• _Your task_: Repeat the lines below exactly as they appear, but leave out the images.

• _Supplied information_:
►

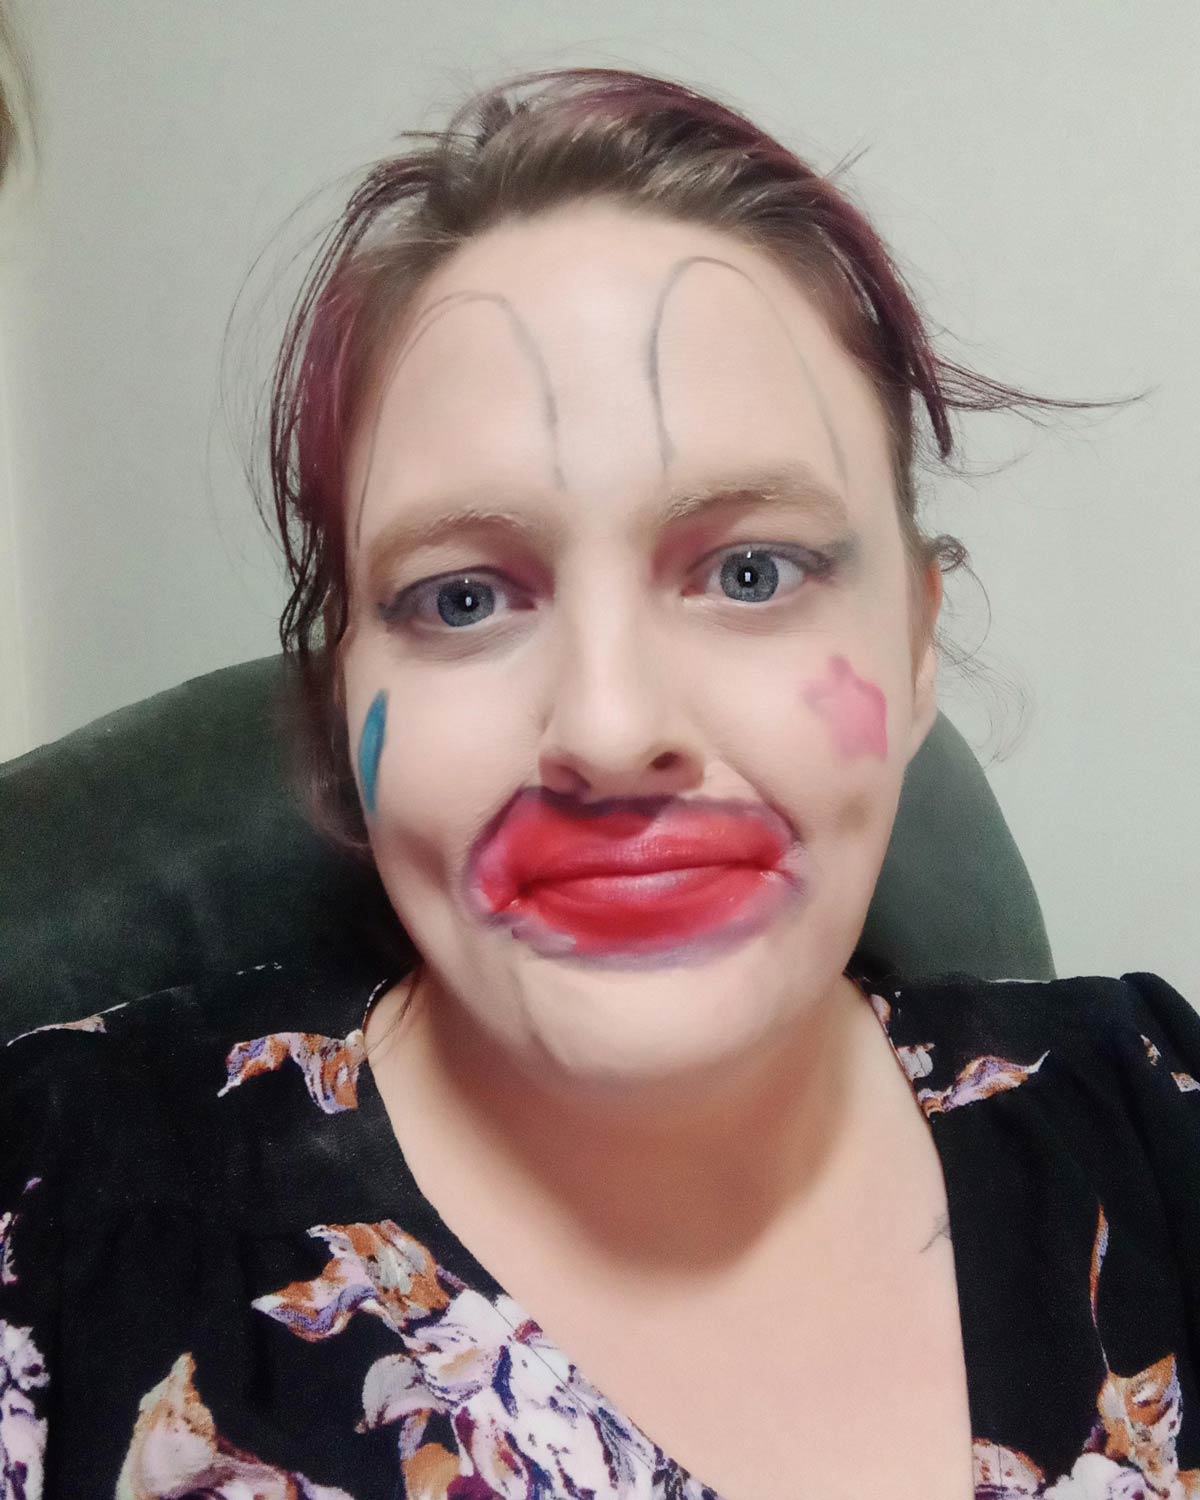 My daughter wanted to practice her make up skills
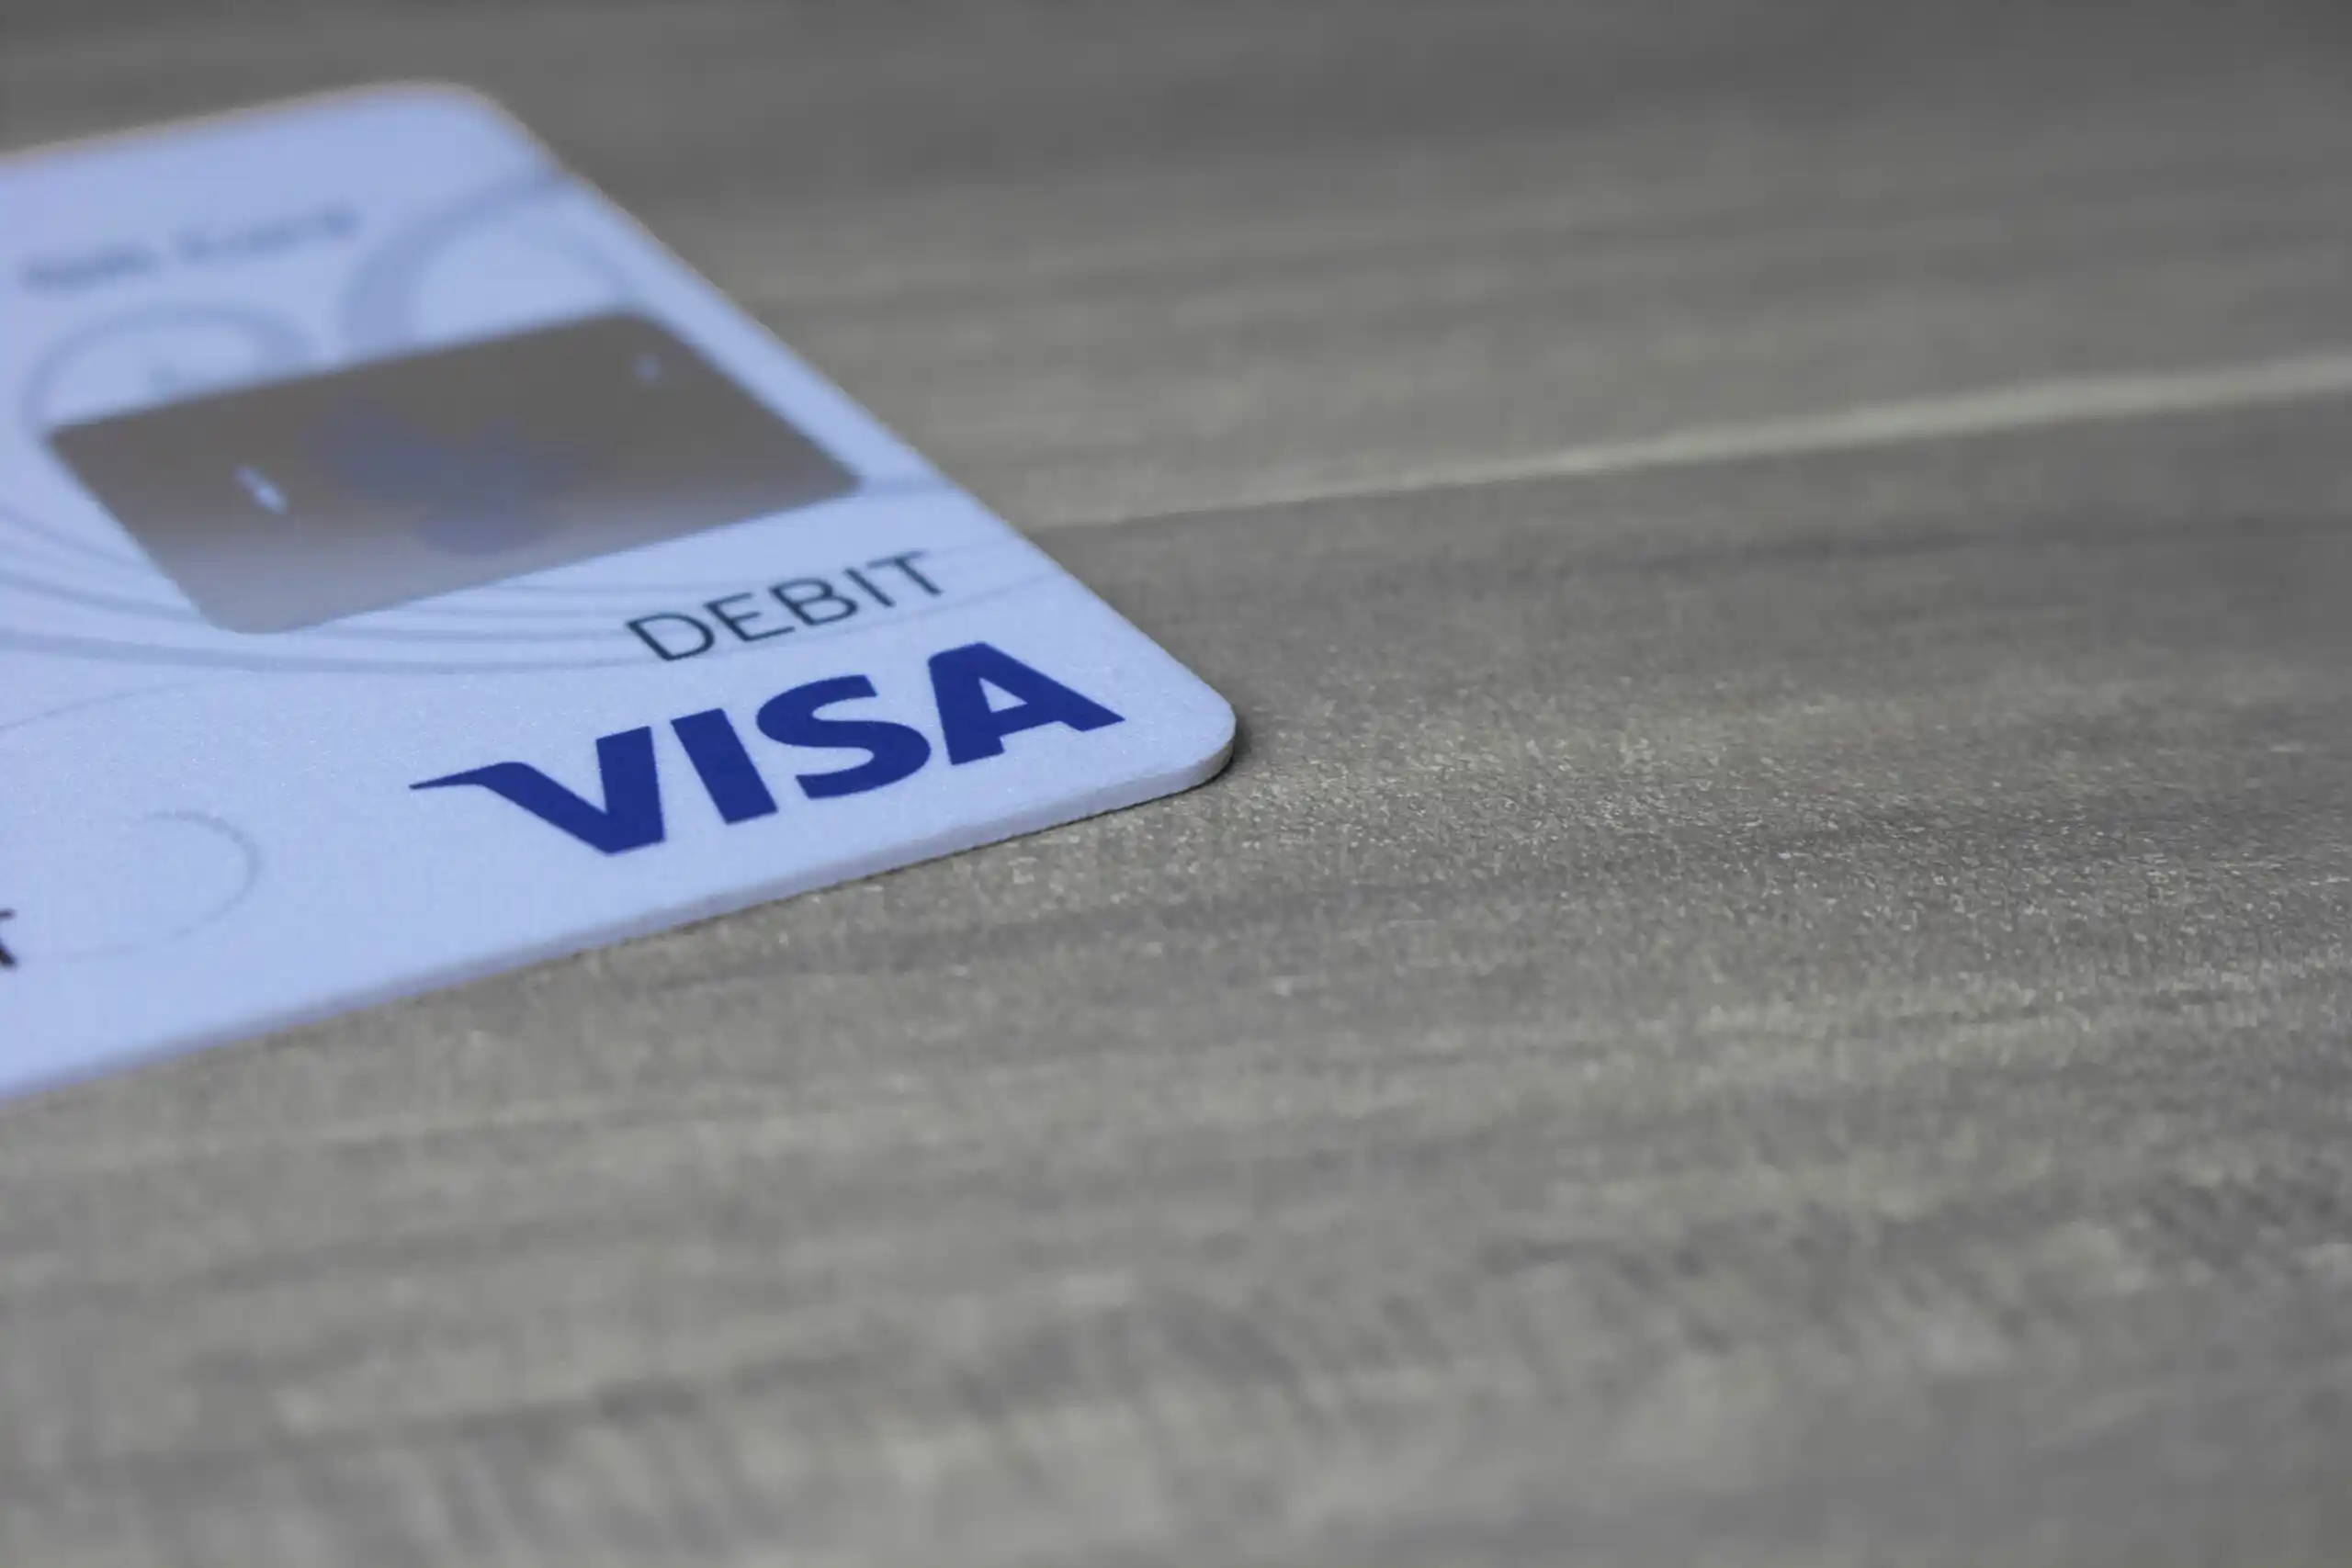 Economic Impact Payment Cards, Explained (Don’t Lose Yours)
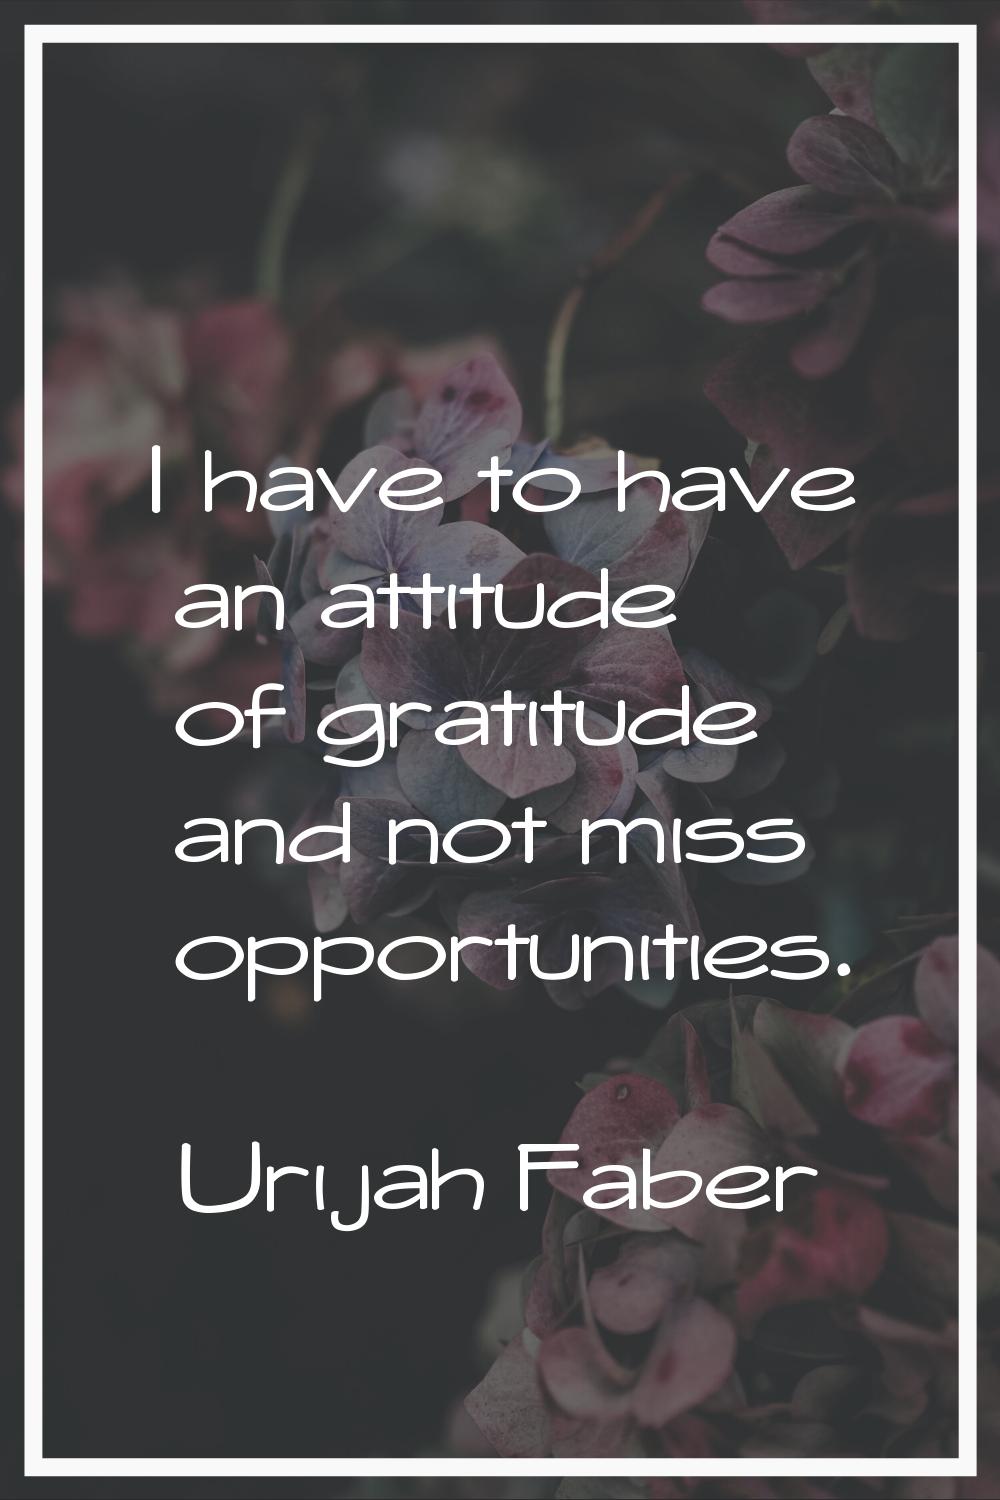 I have to have an attitude of gratitude and not miss opportunities.

◄

• _Expected answer_:
 My daughter wanted to practice her make up skills
 Economic Impact Payment Cards, Explained (Don’t Lose Yours)
 I have to have an attitude of gratitude and not miss opportunities.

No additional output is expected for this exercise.